◆ **Supplied data**:

=-=-=

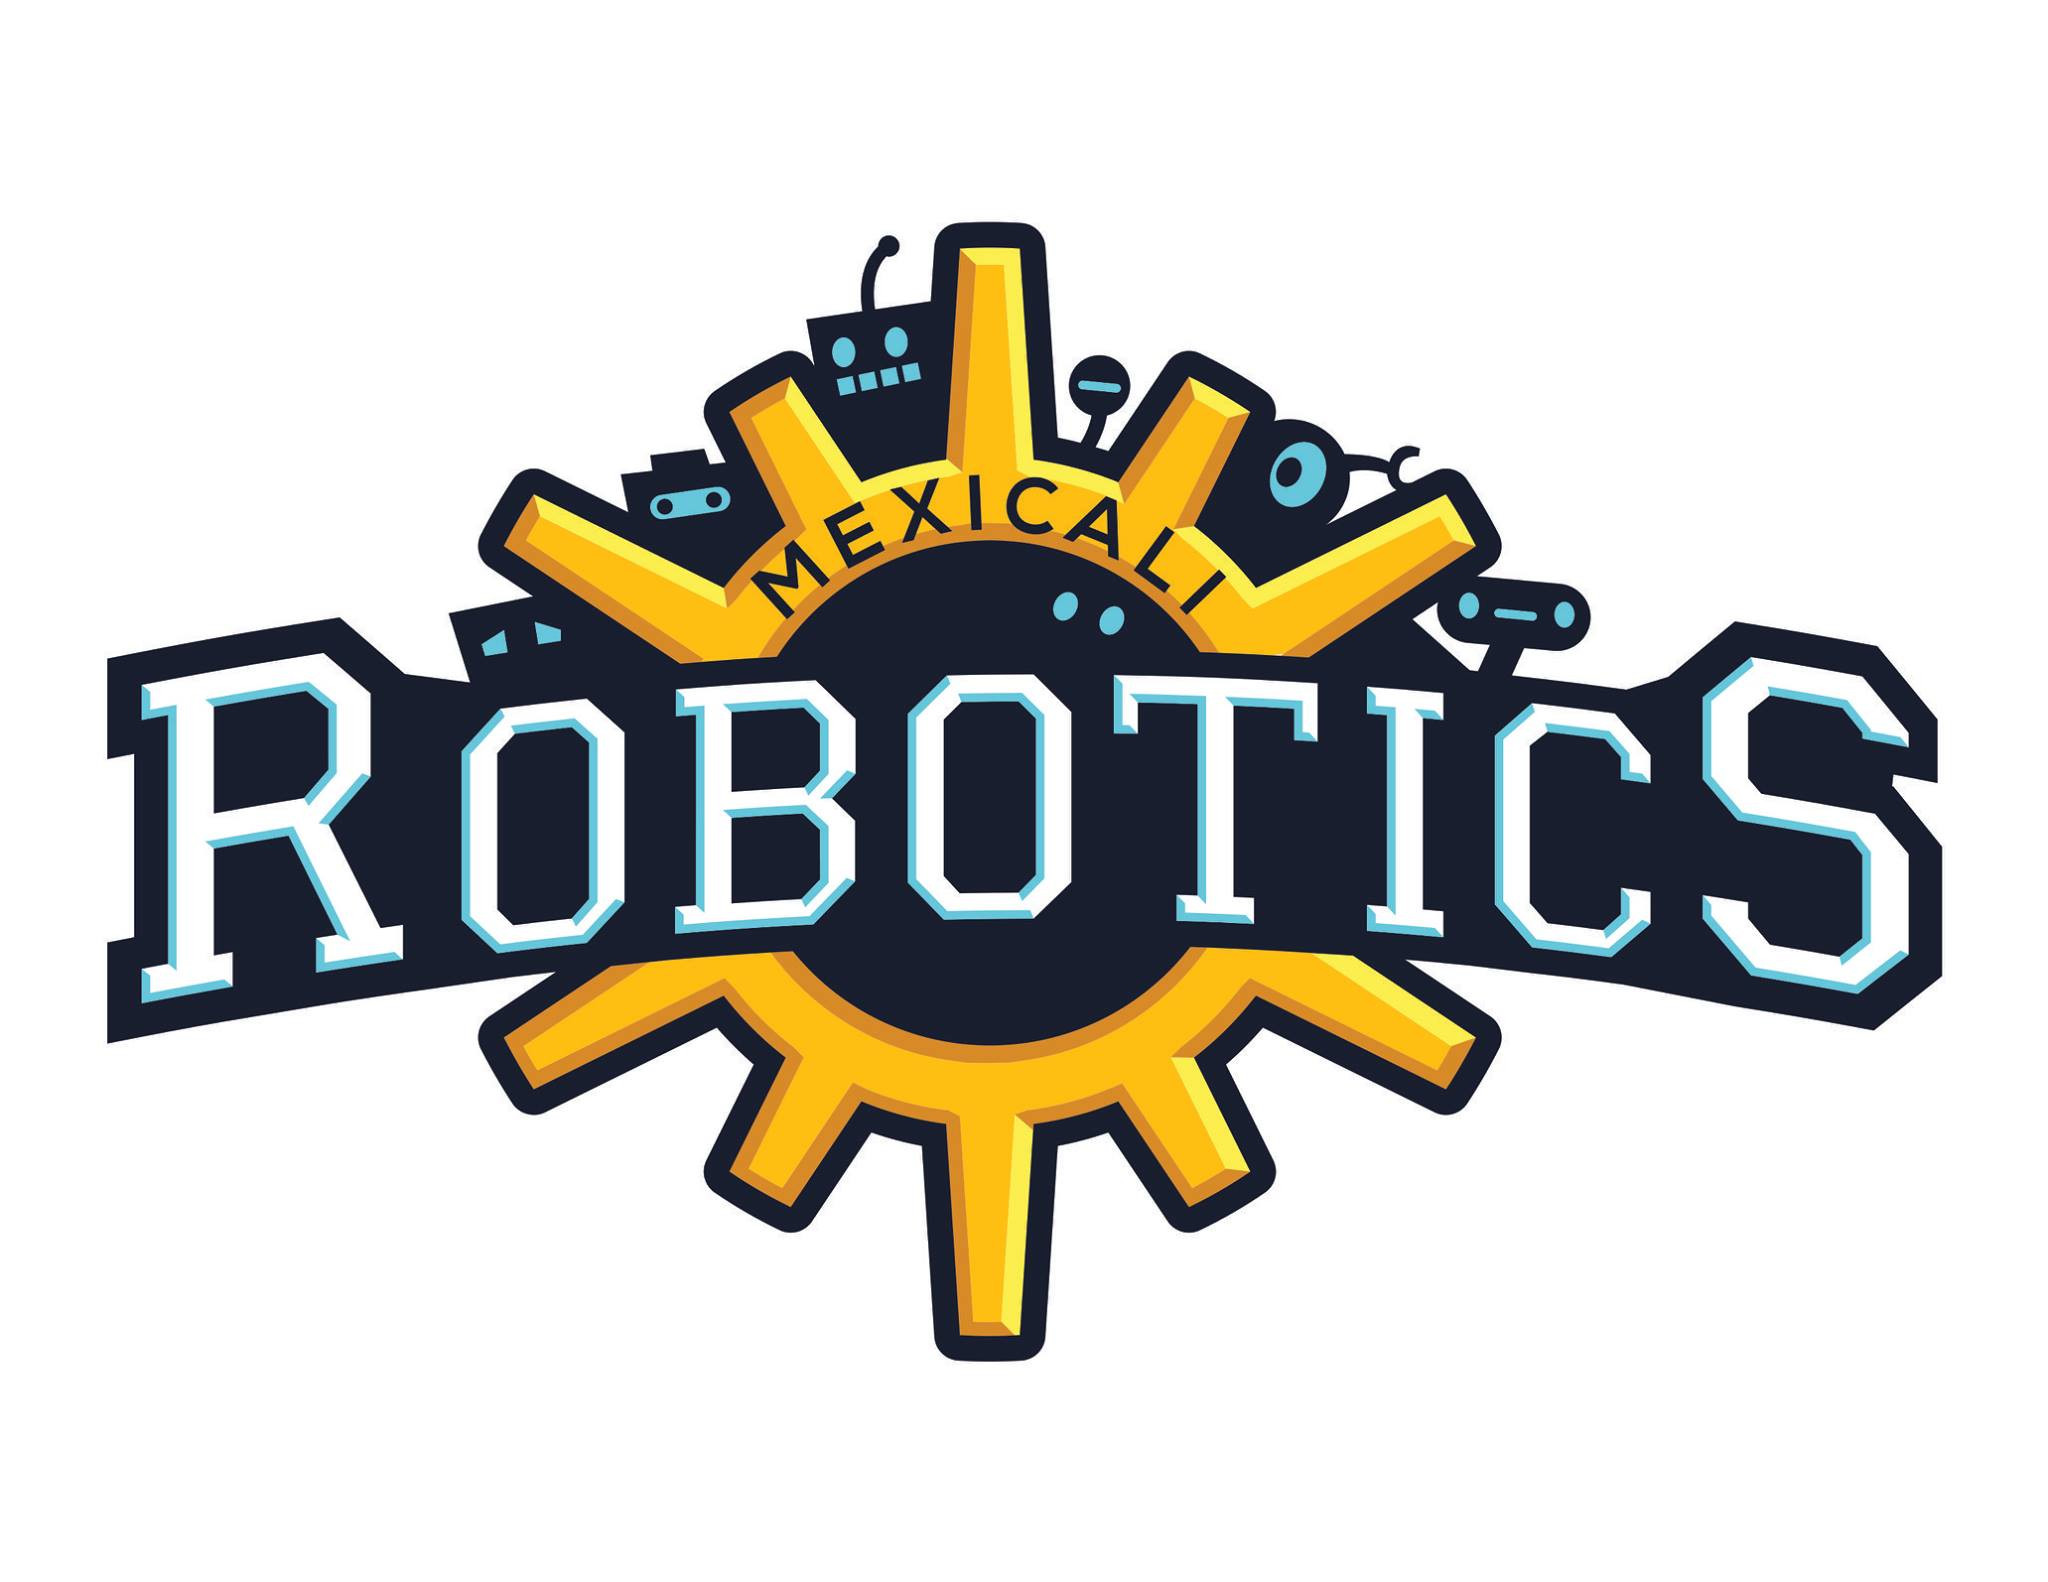 Robotics team logo design
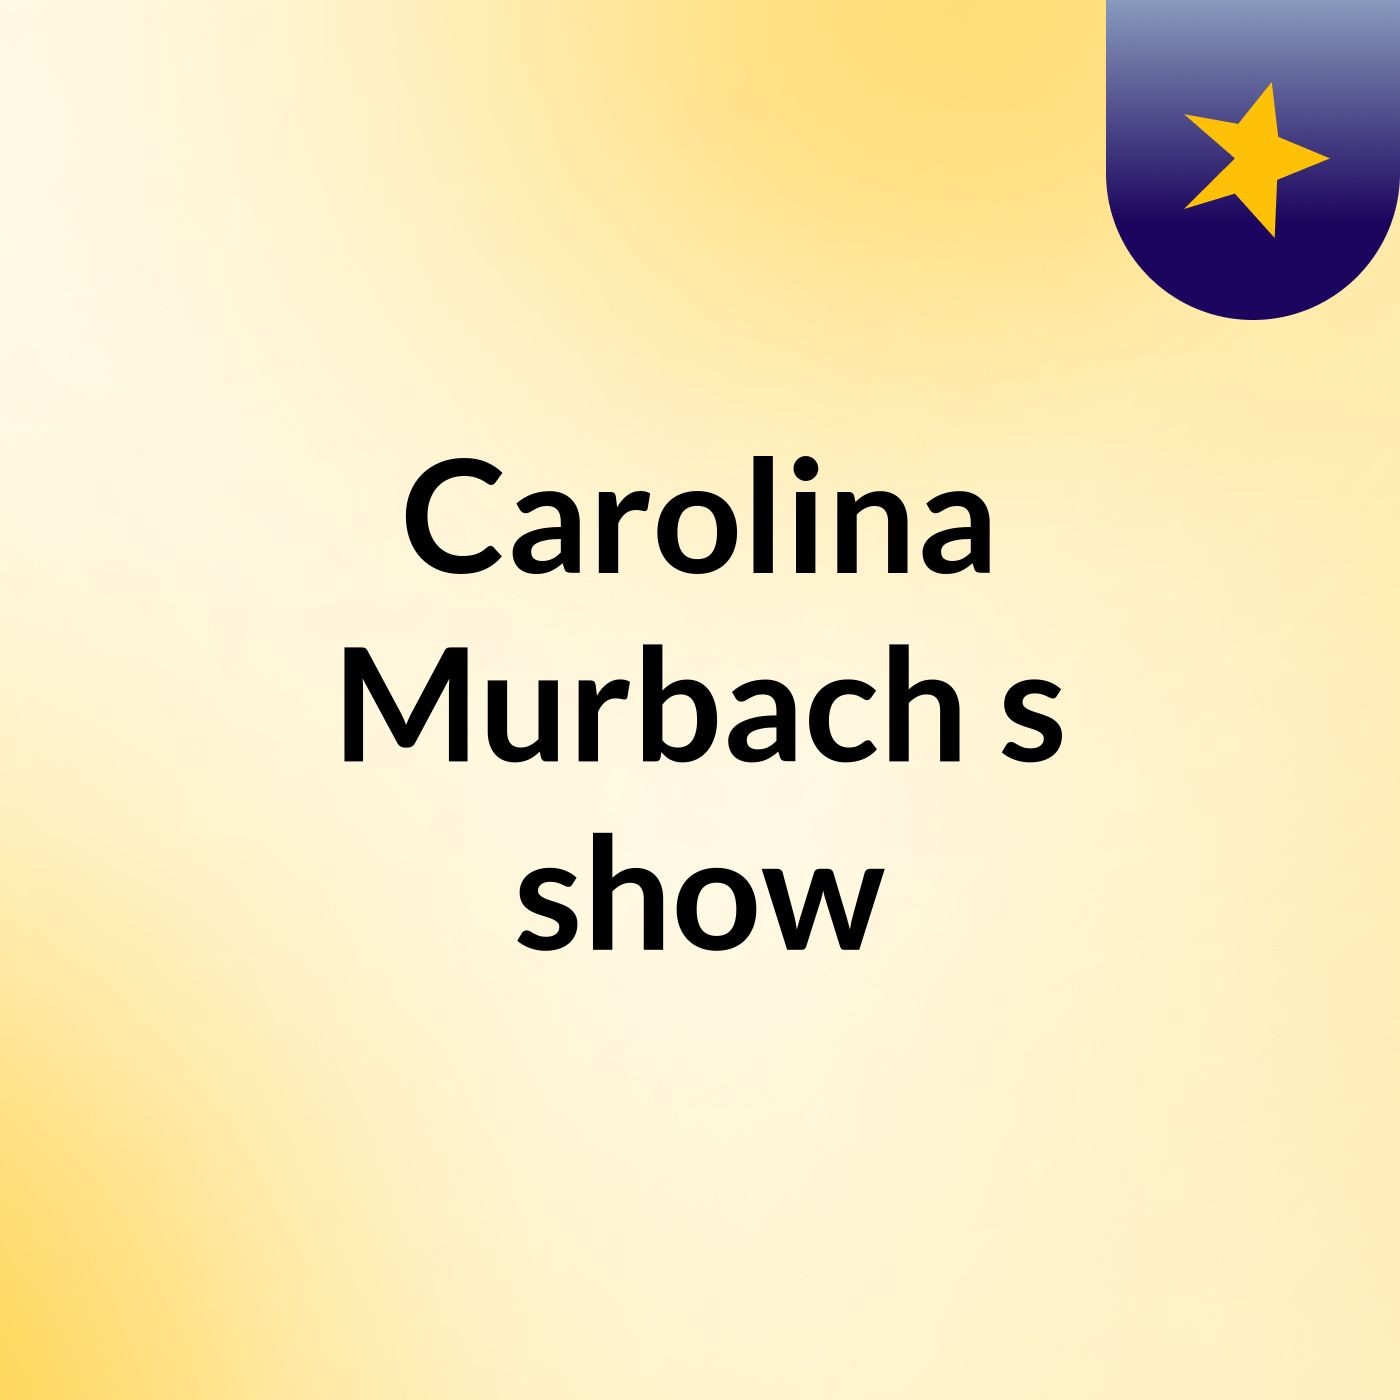 Carolina Murbach's show
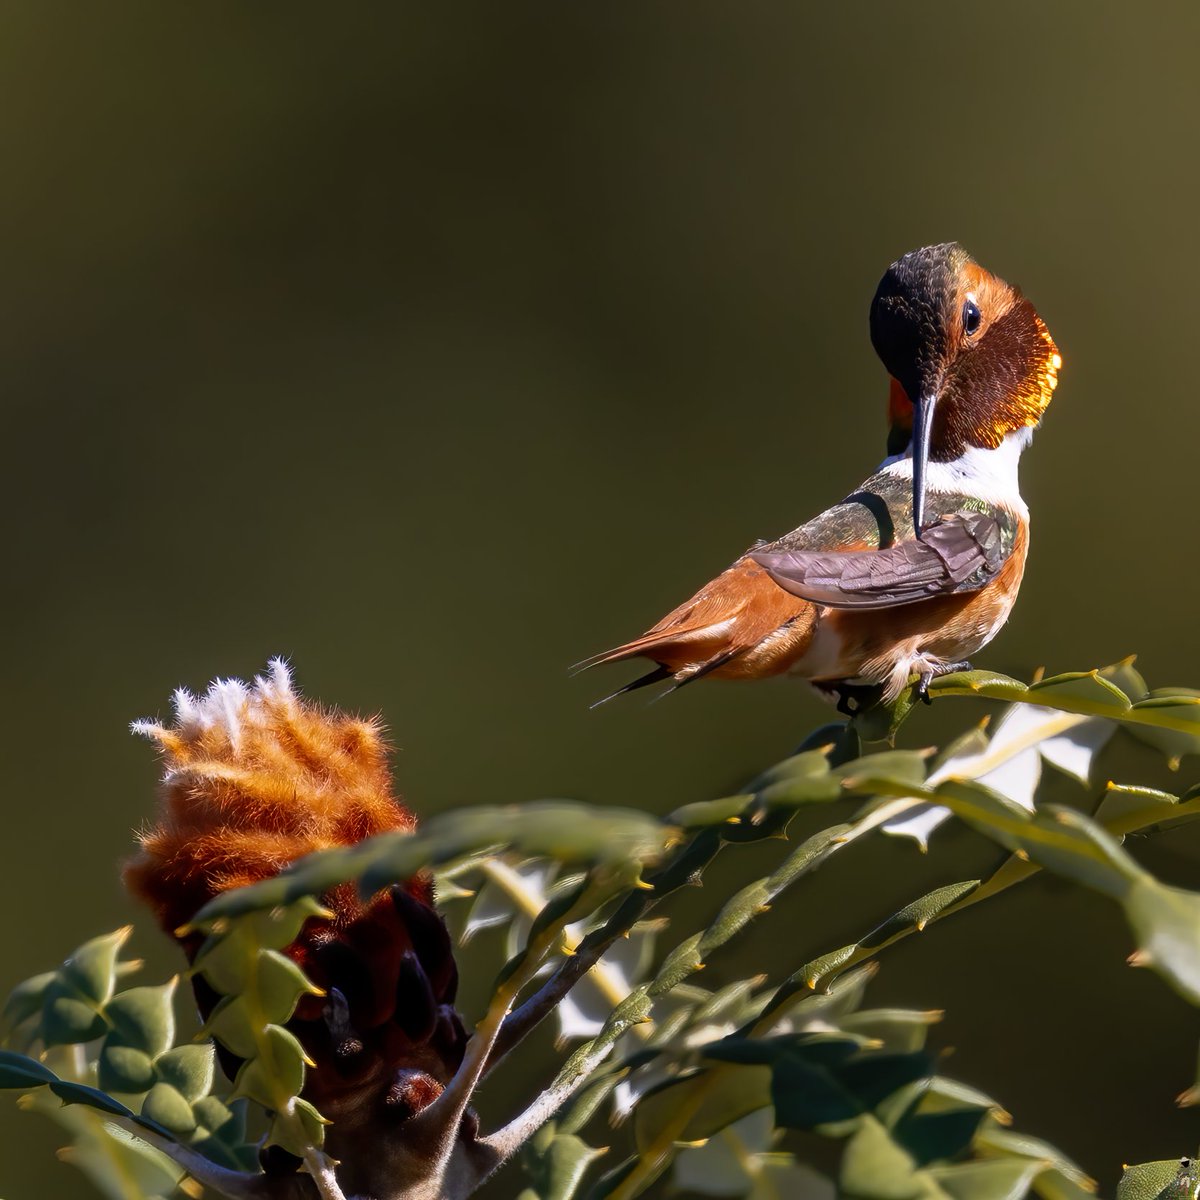 The copper-red throat patch on Allen's hummingbird resembles a gorget. #hummingbird #birds #nature #bird #hummingbirds #wildlife #birdphotography #photography #flowers #birdlovers #bestbirdshots #canon #allenshummingbird

=-=-=

◆ **Problem requirements**:
Print the material in full and exactly; the pictures must not be printed.

◆ **Response**:
 Robotics team logo design
 Carolina Murbach's show
 The copper-red throat patch on Allen's hummingbird resembles a gorget. #hummingbird #birds #nature #bird #hummingbirds #wildlife #birdphotography #photography #flowers #birdlovers #bestbirdshots #canon #allenshummingbird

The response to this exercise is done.